Unidad de Genética Molecular, Hospital Universitario Ramón y Cajal, Instituto Ramón y Cajal de Investigación Sanitaria (IRYCIS), Madrid, Spain ; Centro de Investigación Biomédica en Red de Enfermedades Raras (CIBERER), Madrid, Spain.
PLoS One. 2013 Sep 6;8(9):e73566. doi: 10.1371/journal.pone.0073566. eCollection 2013.
The DFNB1 subtype of autosomal recessive, nonsyndromic hearing impairment, caused by mutations affecting the GJB2 (connexin-26) [corrected] gene, is highly prevalent in most populations worldwide. DFNB1 hearing impairment is mostly severe or profound and usually appears before the acquisition of speech (prelingual onset), though a small number of hypomorphic missense mutations result in mild or moderate deafness of postlingual onset. We identified a novel GJB2 splice-site mutation, c. -22-2A>C, in three siblings with mild postlingual hearing impairment that were compound heterozygous for c. -22-2A>C and c.35delG. Reverse transcriptase-PCR experiments performed on total RNA extracted from saliva samples from one of these siblings confirmed that c. -22-2A>C abolished the acceptor splice site of the single GJB2 intron, resulting in the absence of normally processed transcripts from this allele. However, we did isolate transcripts from the c. -22-2A>C allele that keep an intact GJB2 coding region and that were generated by use of an alternative acceptor splice site previously unknown. The residual expression of wild-type connexin-26 [corrected] encoded by these transcripts probably underlies the mild severity and late onset of the hearing impairment of these subjects.

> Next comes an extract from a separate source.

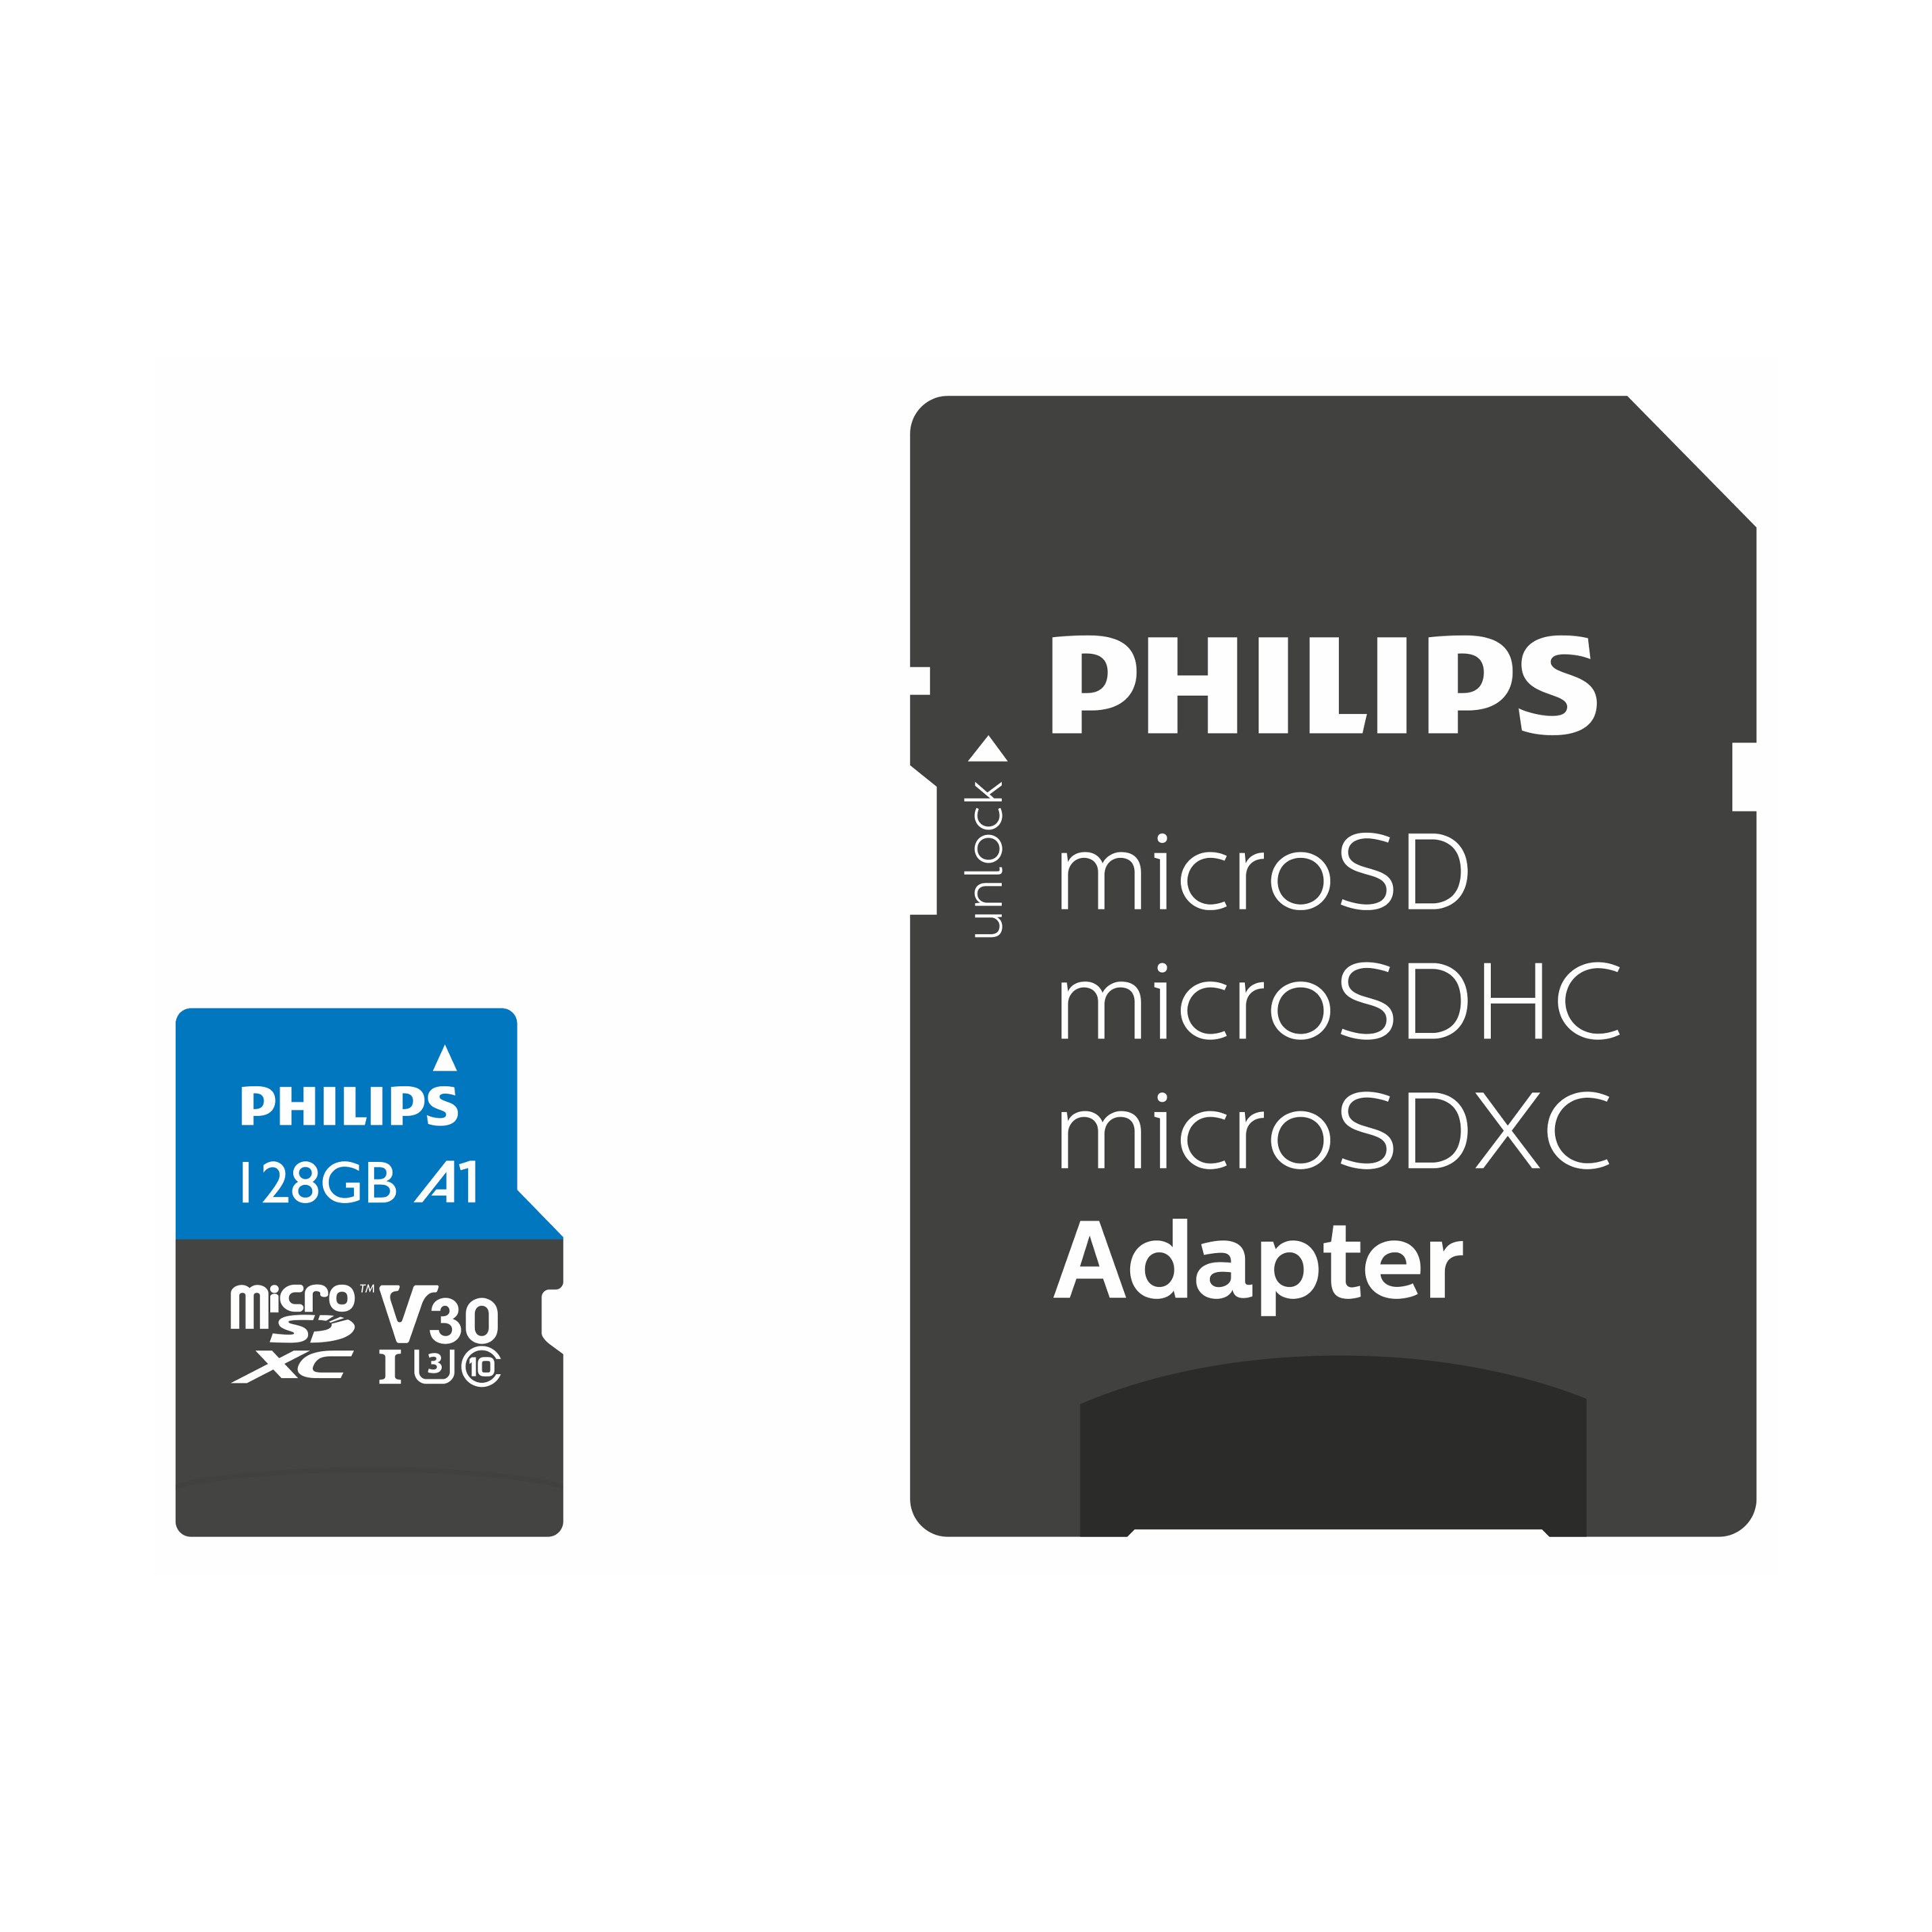 128 U3/ Speicherkarte, Mbit/s Adapter, UHS-I 4K/ Class Micro-SDXC 10/ 128, PHILIPS Micro-SDXC 100 GB,

常染色体隐性遗传非综合征型听力损失的 DFNB1 亚型,由影响 GJB2(连接蛋白 26)[校正]基因的突变引起,在世界大多数人群中高度流行。DFNB1 听力损失大多为重度或极重度,通常在言语习得之前出现(语前发病),尽管少数低功能错义突变导致语后发病的轻度或中度耳聋。我们在 3 名具有轻度语后听力损失的兄弟姐妹中发现了一种新的 GJB2 剪接位点突变 c.-22-2A>C,他们是 c.-22-2A>C 和 c.35delG 的复合杂合子。对其中一位兄弟姐妹唾液样本总 RNA 进行的逆转录 PCR 实验证实,c.-22-2A>C 消除了单个 GJB2 内含子的受体剪接位点,导致该等位基因中正常加工的转录本缺失。然而,我们确实从 c.-22-2A>C 等位基因中分离出了保留完整 GJB2 编码区的转录本,这些转录本是通过使用以前未知的替代受体剪接位点产生的。这些转录本编码的野生型连接蛋白 26[校正]的残留表达可能是这些受试者听力损失程度较轻和发病较晚的原因。